• Data under study:
⟨
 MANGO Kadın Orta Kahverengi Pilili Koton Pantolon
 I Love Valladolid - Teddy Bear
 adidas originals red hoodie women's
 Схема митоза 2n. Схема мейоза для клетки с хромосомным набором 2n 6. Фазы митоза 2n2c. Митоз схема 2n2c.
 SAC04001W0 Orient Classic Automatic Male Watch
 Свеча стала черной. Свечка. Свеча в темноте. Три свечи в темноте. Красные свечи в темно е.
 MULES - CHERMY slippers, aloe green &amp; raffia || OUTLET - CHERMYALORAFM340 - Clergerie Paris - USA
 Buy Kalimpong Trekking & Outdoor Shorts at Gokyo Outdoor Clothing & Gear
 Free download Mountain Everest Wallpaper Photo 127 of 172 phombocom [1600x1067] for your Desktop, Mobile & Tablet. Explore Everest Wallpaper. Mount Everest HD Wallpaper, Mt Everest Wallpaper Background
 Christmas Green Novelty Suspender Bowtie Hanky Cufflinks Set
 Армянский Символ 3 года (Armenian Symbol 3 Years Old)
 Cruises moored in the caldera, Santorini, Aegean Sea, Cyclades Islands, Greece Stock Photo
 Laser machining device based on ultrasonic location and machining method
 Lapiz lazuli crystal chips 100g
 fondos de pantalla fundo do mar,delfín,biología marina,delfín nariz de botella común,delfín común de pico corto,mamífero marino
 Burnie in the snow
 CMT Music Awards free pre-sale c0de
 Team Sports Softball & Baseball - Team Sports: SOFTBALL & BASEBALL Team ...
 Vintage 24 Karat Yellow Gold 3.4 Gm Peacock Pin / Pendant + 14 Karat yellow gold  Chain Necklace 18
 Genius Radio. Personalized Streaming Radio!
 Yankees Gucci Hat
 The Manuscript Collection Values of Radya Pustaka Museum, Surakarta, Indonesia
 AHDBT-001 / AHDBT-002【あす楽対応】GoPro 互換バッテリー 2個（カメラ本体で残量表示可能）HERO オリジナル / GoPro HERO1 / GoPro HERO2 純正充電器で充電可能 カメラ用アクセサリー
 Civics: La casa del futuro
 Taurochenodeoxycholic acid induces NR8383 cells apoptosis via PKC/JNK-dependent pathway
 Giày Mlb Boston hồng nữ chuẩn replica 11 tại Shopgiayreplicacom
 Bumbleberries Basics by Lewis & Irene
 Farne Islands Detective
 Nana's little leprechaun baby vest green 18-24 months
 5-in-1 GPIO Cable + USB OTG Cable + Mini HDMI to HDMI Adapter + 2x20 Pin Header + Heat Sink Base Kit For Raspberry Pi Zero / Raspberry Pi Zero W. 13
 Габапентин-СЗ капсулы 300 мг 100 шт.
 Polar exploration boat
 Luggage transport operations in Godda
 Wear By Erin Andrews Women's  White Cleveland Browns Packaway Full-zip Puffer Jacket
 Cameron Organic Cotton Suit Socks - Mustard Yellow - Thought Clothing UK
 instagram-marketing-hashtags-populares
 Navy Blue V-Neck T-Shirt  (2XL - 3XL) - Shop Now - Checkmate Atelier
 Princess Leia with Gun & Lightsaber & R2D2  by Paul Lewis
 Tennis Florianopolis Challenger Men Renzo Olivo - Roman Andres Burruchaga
⟩
• Your instructions:
Determine how many of the lines above include the word "Clothing", then give that number and nothing else.

• Exercise solution:
2